__MATERIAL FOR THIS TASK__.
★ ★ ★
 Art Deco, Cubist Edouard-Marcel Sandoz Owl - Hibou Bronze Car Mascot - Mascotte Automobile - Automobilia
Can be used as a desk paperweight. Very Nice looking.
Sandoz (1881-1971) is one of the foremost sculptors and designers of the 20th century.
★ ★ ★
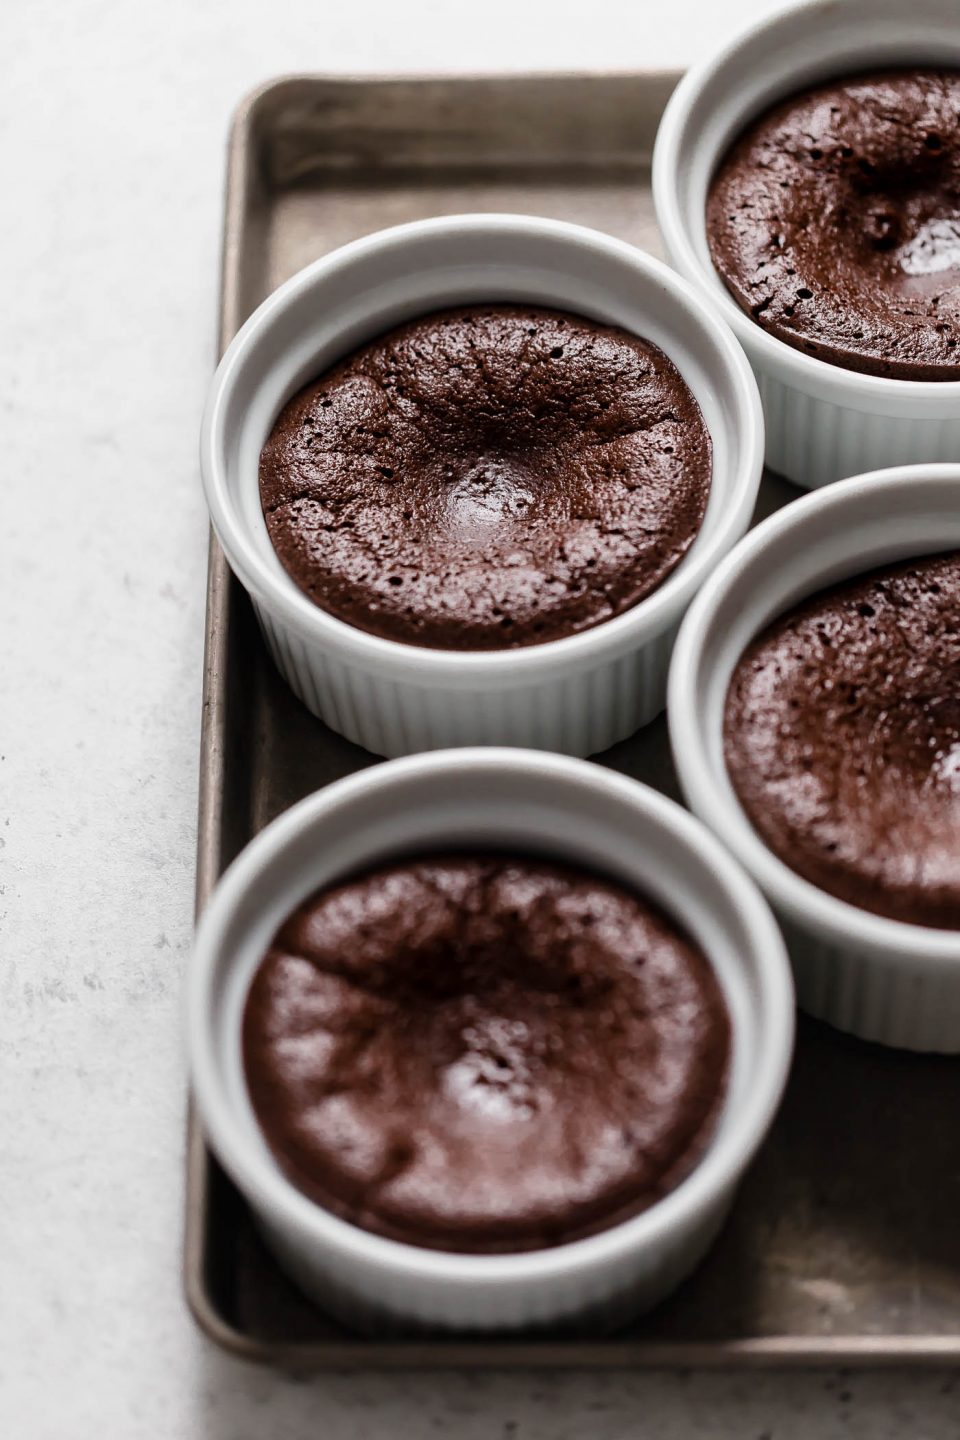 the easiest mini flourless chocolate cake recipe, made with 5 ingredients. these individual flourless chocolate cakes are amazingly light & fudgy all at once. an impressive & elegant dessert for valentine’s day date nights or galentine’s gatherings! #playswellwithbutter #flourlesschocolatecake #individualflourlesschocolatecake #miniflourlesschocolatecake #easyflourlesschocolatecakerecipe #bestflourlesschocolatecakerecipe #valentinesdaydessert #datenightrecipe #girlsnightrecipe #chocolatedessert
★ ★ ★
__TASK TO CARRY OUT__. Your answer should consist of copies of the lines above that include the string "Sandoz".

__WRITTEN ANSWER__.
 Art Deco, Cubist Edouard-Marcel Sandoz Owl - Hibou Bronze Car Mascot - Mascotte Automobile - Automobilia
Sandoz (1881-1971) is one of the foremost sculptors and designers of the 20th century.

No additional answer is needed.